Why Is Fibromyalgia More Common in Women?
Jul 13, 2026Understanding Fibromyalgia
Someone has probably said it to you directly, or you have overheard it said about someone else. Fibromyalgia, that is a women's thing, probably hormones. The comment lands like a small dismissal every time, as if being a woman explains the pain instead of describing who gets taken seriously enough to be diagnosed with it. The truth underneath that comment is more interesting, and considerably less tidy, than the comment lets on.
Short answer: Fibromyalgia is diagnosed in women far more often than in men in most clinics, commonly cited around 3 to 1. Some of that gap is real. Research shows measurable differences in how women's nervous systems process and report pain. But a meaningful part of the gap also comes from diagnostic bias: unselected population studies using validated criteria find a much narrower split, meaning a large number of men with fibromyalgia are simply not being diagnosed. Both things are true at once.
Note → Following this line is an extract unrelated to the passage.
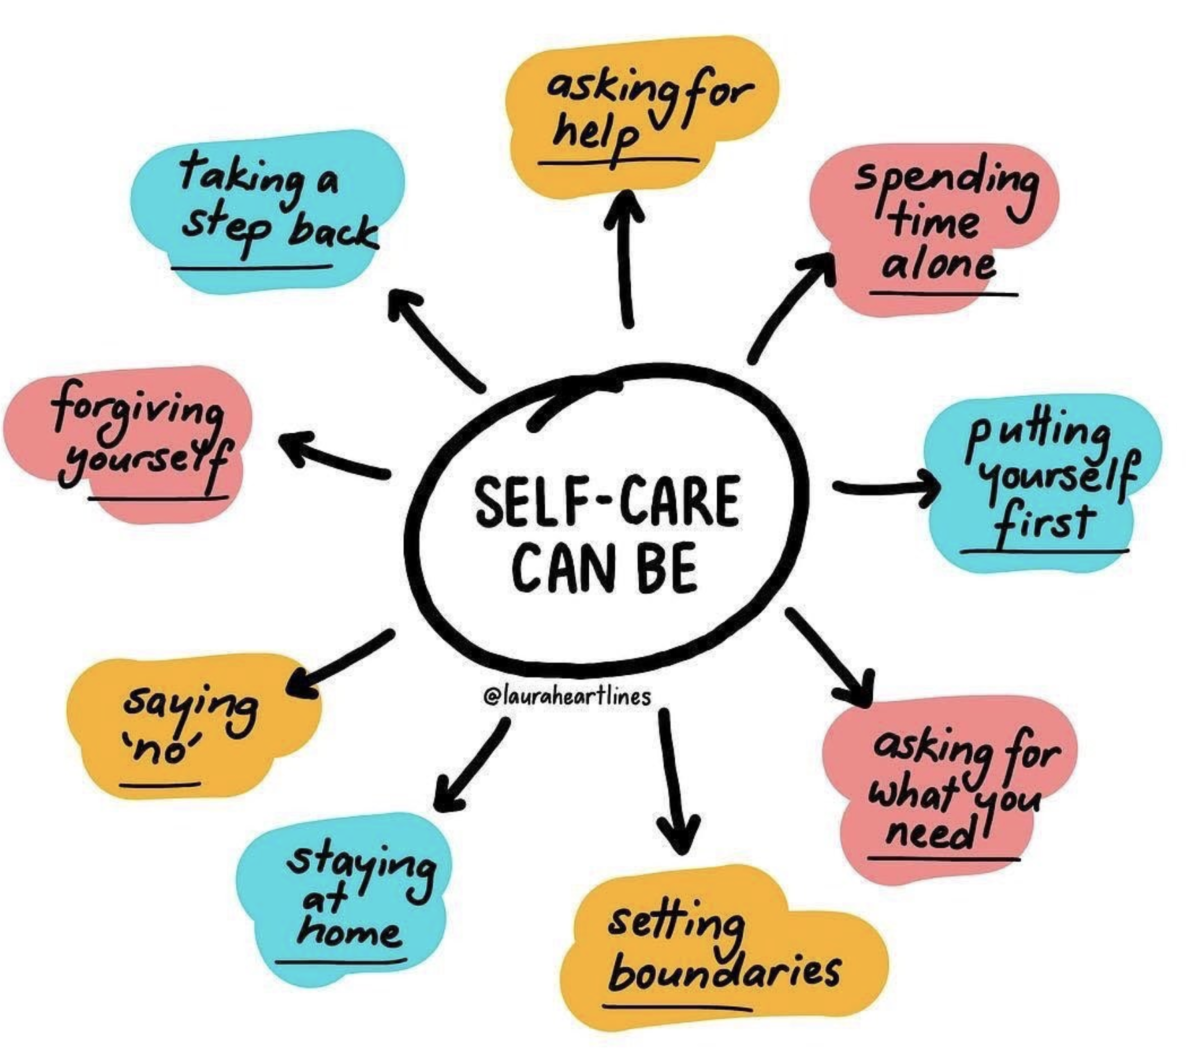 Infographic showing ideas about what self-care can be.

The number everyone repeats
Most patient-facing sources describe fibromyalgia as affecting women roughly twice as often as men, and clinic-referred samples often show the gap even wider, with 80 to 90 percent of diagnosed patients being women. That figure gets repeated so often it starts to sound like a fixed biological fact rather than a measurement of one particular thing: who ends up with a diagnosis on their chart.
A diagnosis rate is not the same thing as a disease rate. It measures who walked into a clinic, who a doctor considered for the diagnosis, and who met the criteria used at the time. Each of those steps can be biased without anyone intending it to be.
Why the ratio may not be what it looks like
A 2018 study published in PLOS ONE tested this directly. Researchers compared a selection-biased sample of over 1,700 patients already referred and diagnosed with fibromyalgia against an unselected sample of more than 4,300 rheumatology patients screened with validated self-report criteria, regardless of whether they had ever been referred for fibromyalgia. In the referred, diagnosed sample, more than 90 percent were women. In the unselected sample, screened the same way for everyone, women made up closer to 59 percent of fibromyalgia cases. The authors concluded that fibromyalgia is severely affected by selection and confirmation bias in the clinic, a pattern that underestimates men and overestimates women.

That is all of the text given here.